[Supplied information]
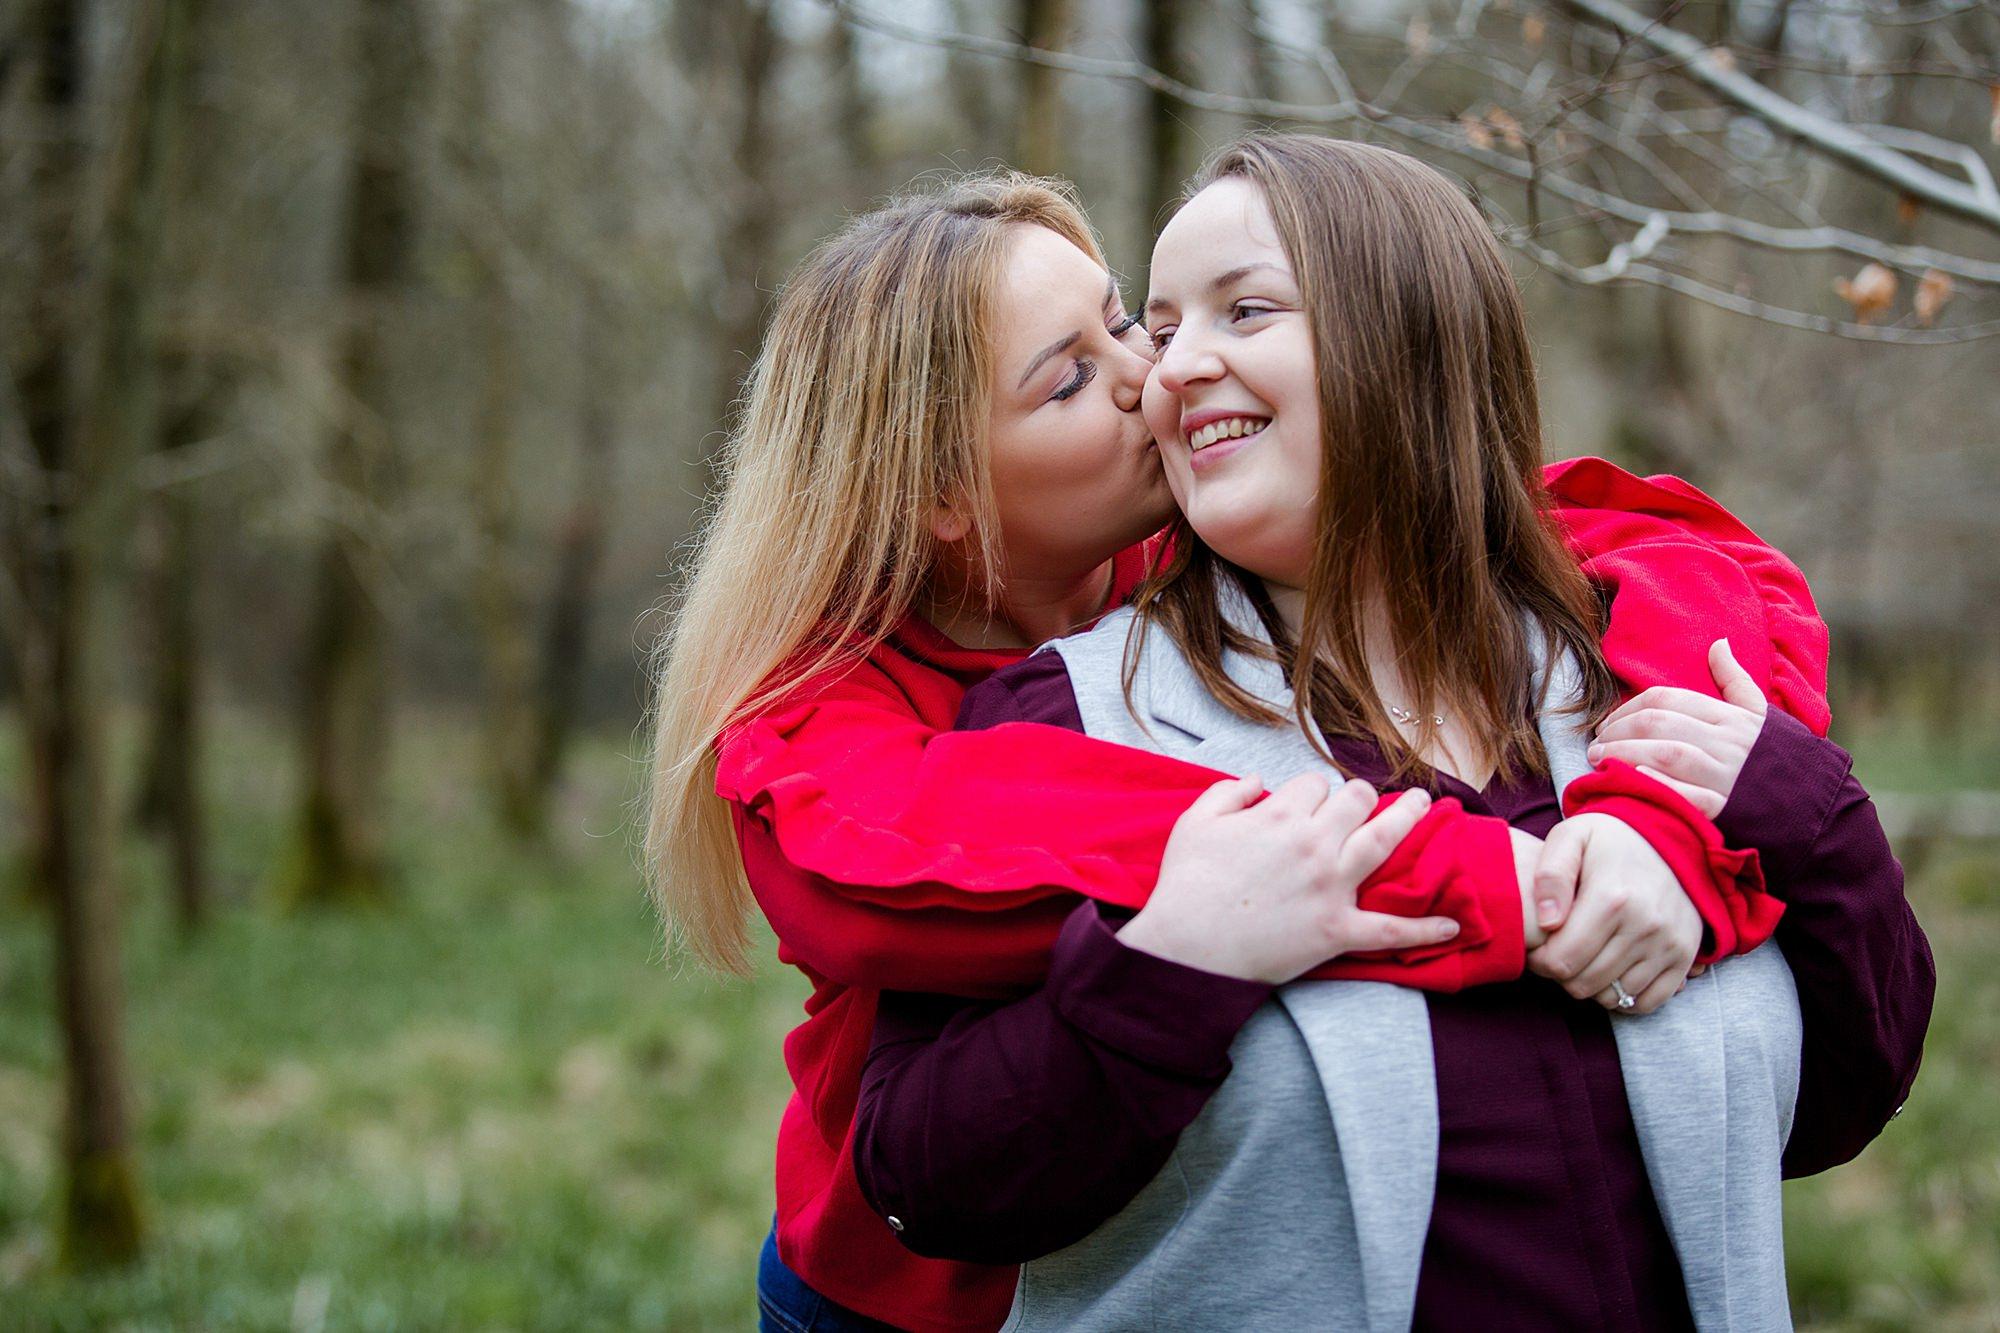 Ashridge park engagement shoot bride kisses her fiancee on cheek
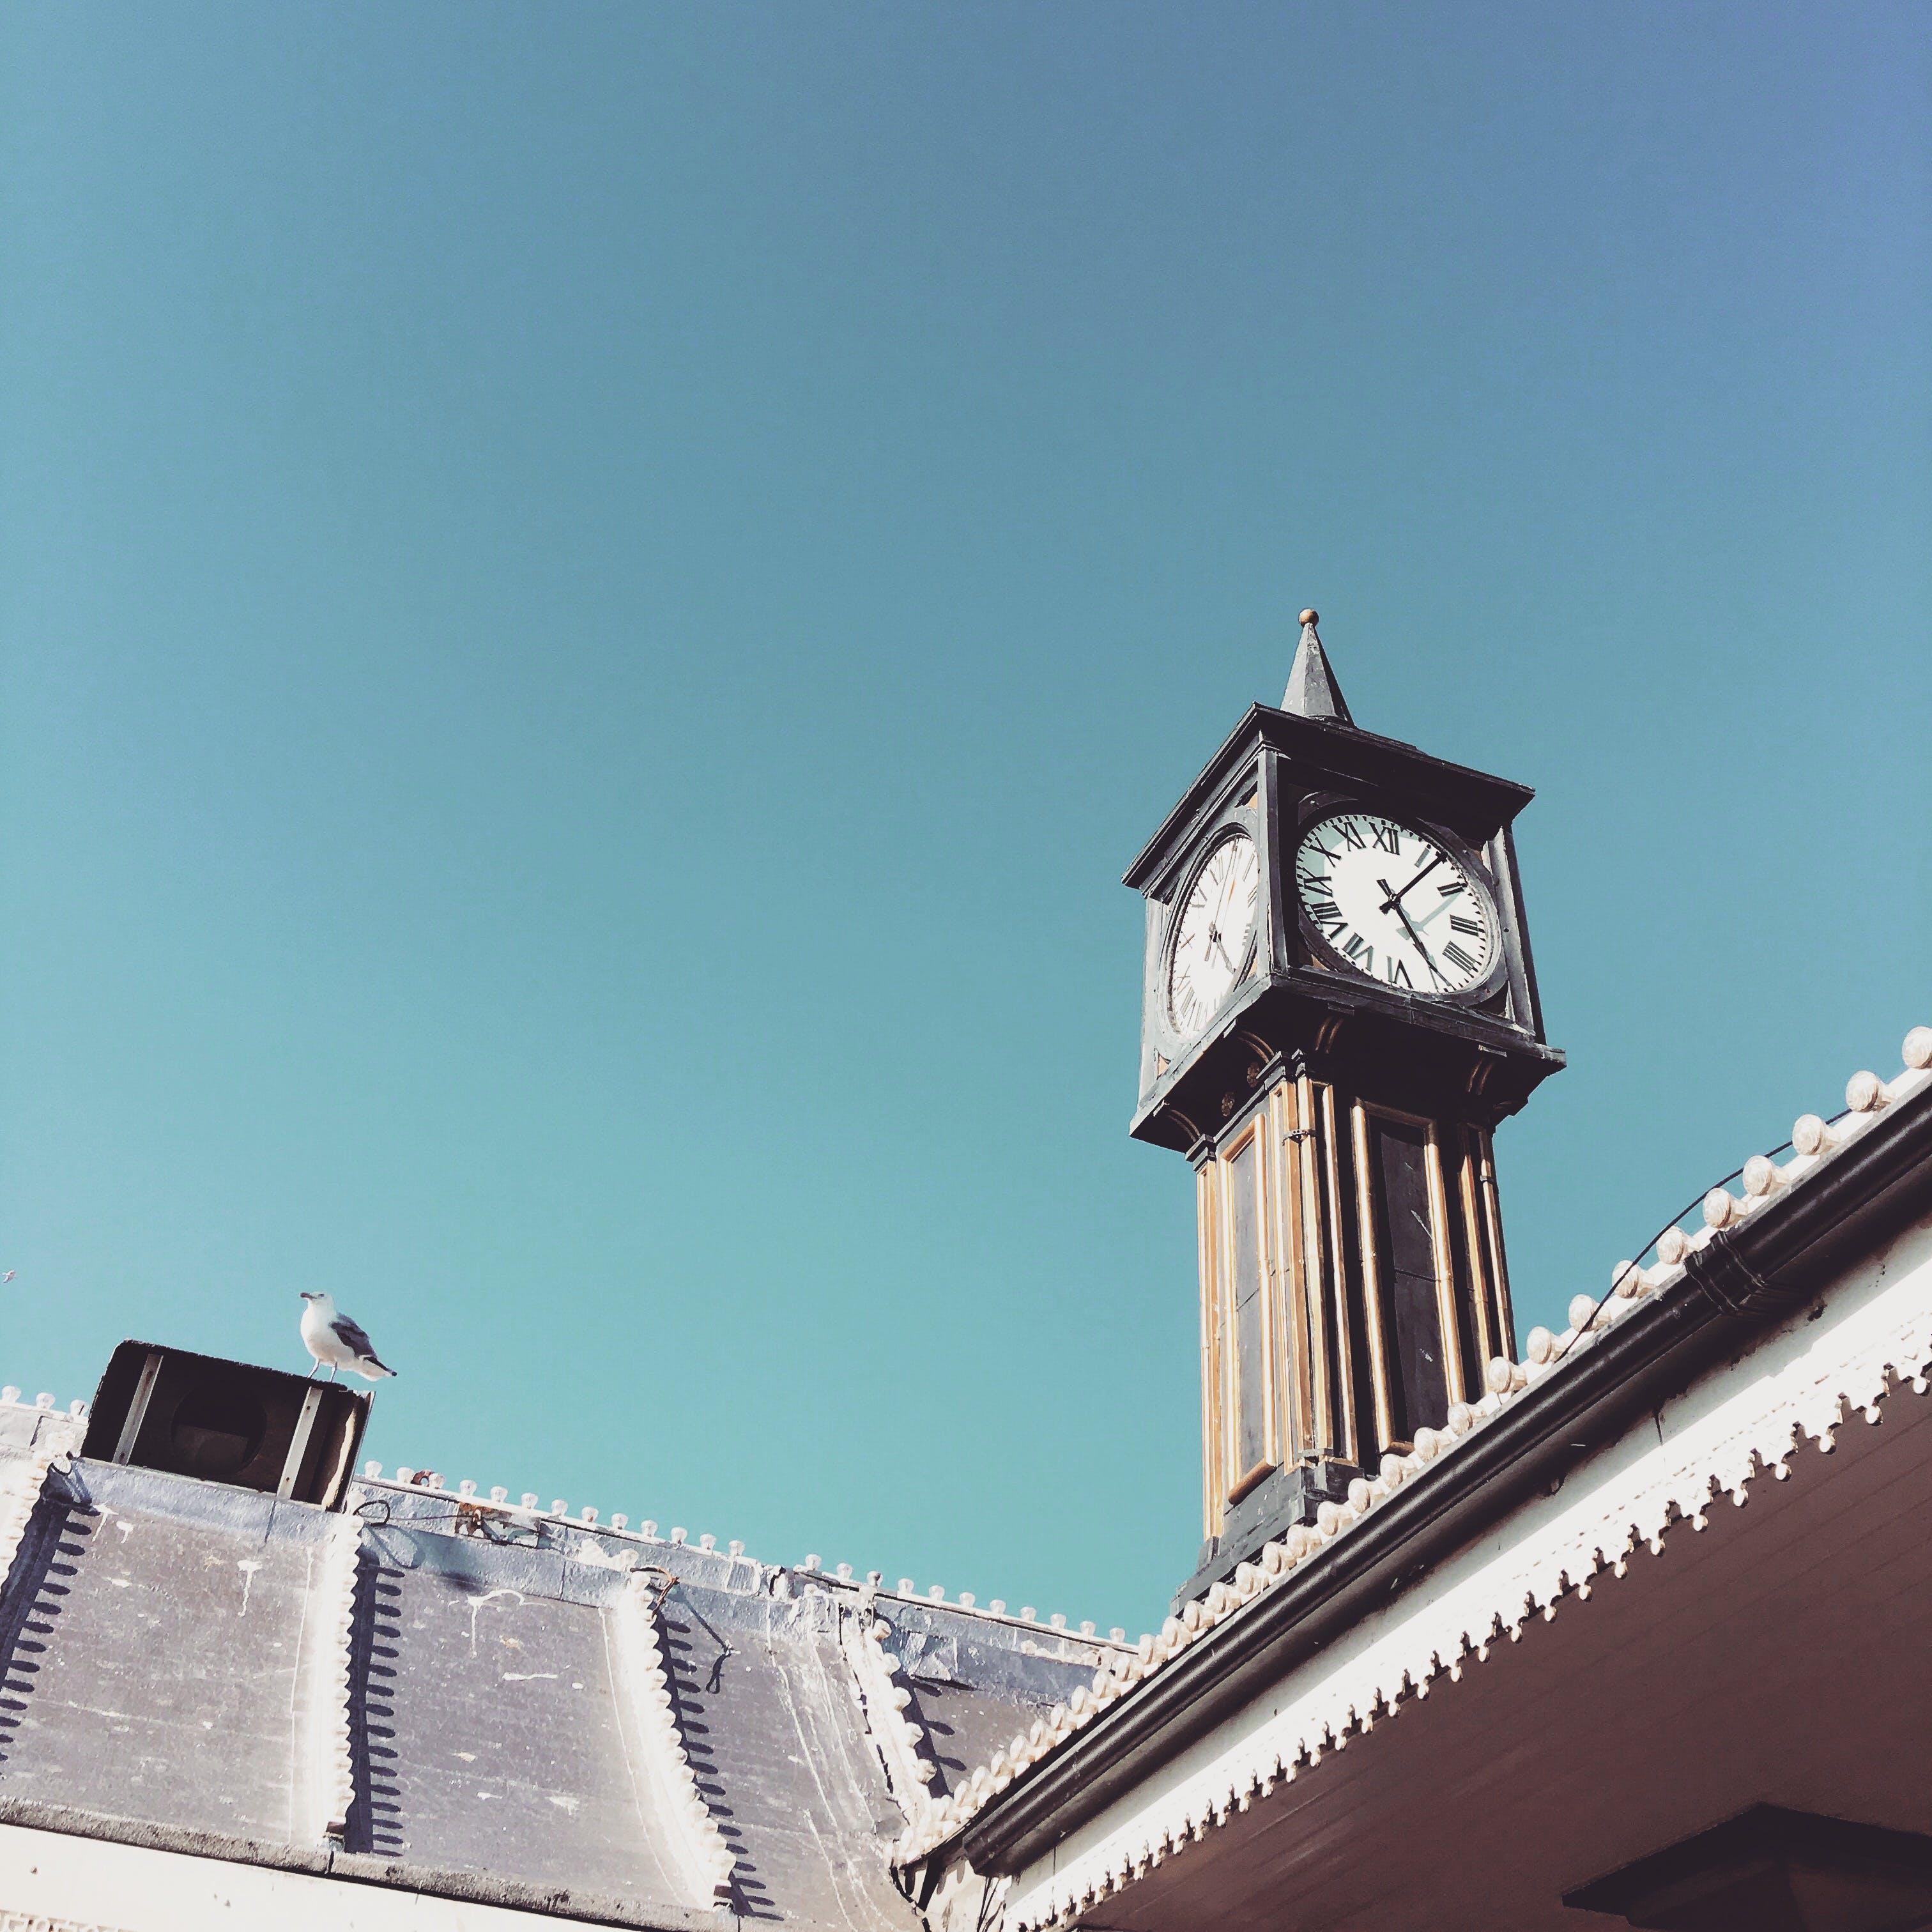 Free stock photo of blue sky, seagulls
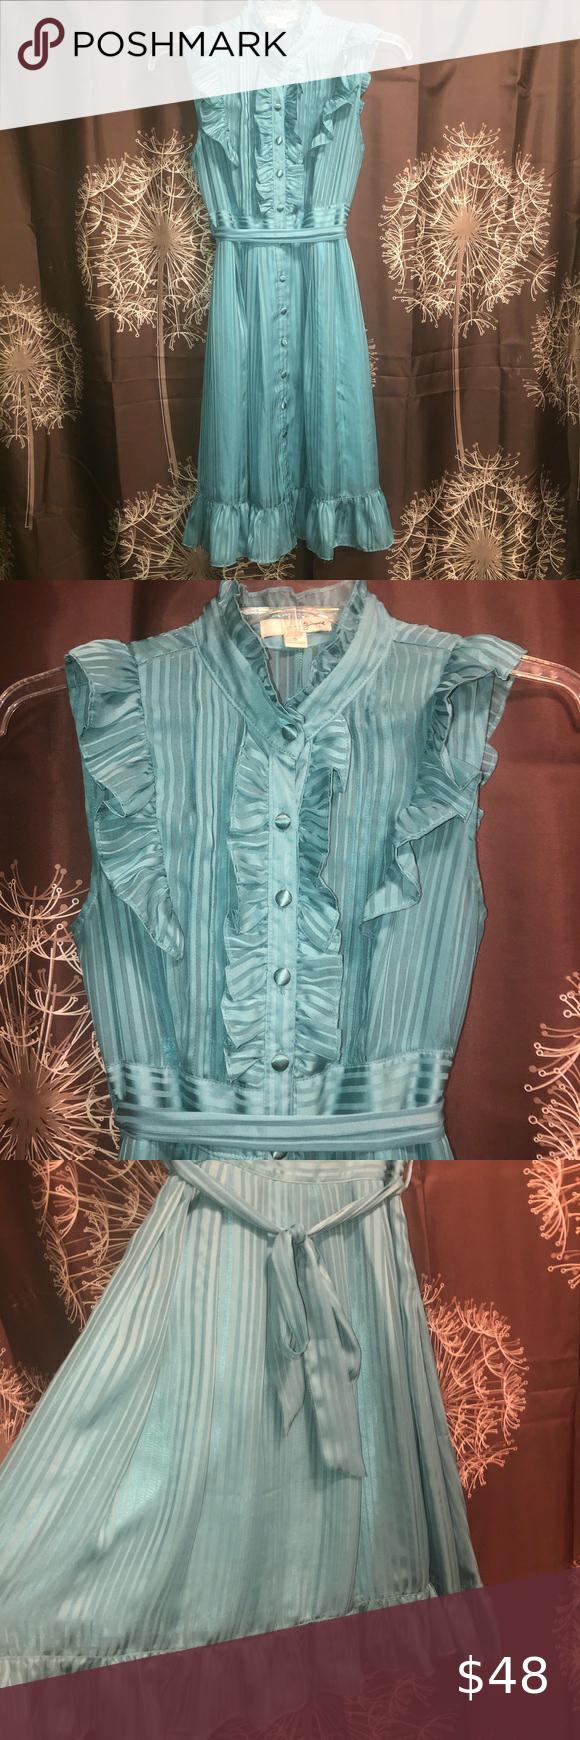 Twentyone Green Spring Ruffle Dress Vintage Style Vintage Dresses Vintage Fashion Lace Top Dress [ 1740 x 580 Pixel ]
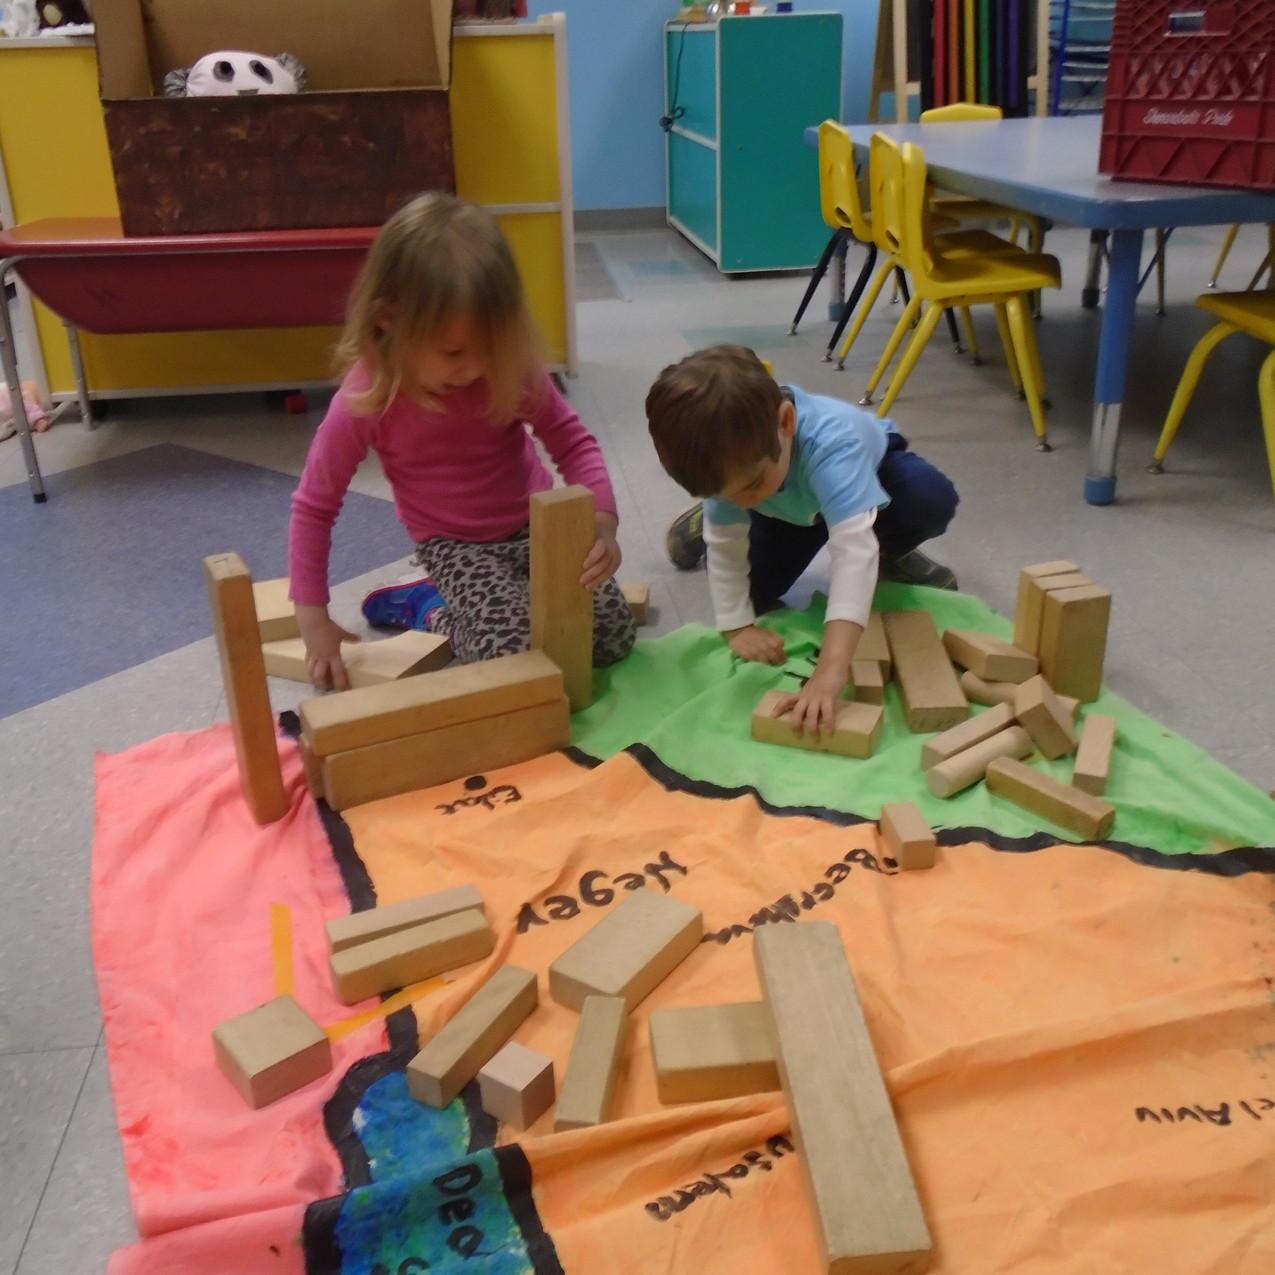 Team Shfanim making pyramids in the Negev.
[/Supplied information]
* Instructions to follow
Where the line containing "Twentyone Green Spring" appears above, start there and set down each line exactly through the last line of the data; leave out every picture.

* Exercise response
 Twentyone Green Spring Ruffle Dress Vintage Style Vintage Dresses Vintage Fashion Lace Top Dress [ 1740 x 580 Pixel ]
 Team Shfanim making pyramids in the Negev.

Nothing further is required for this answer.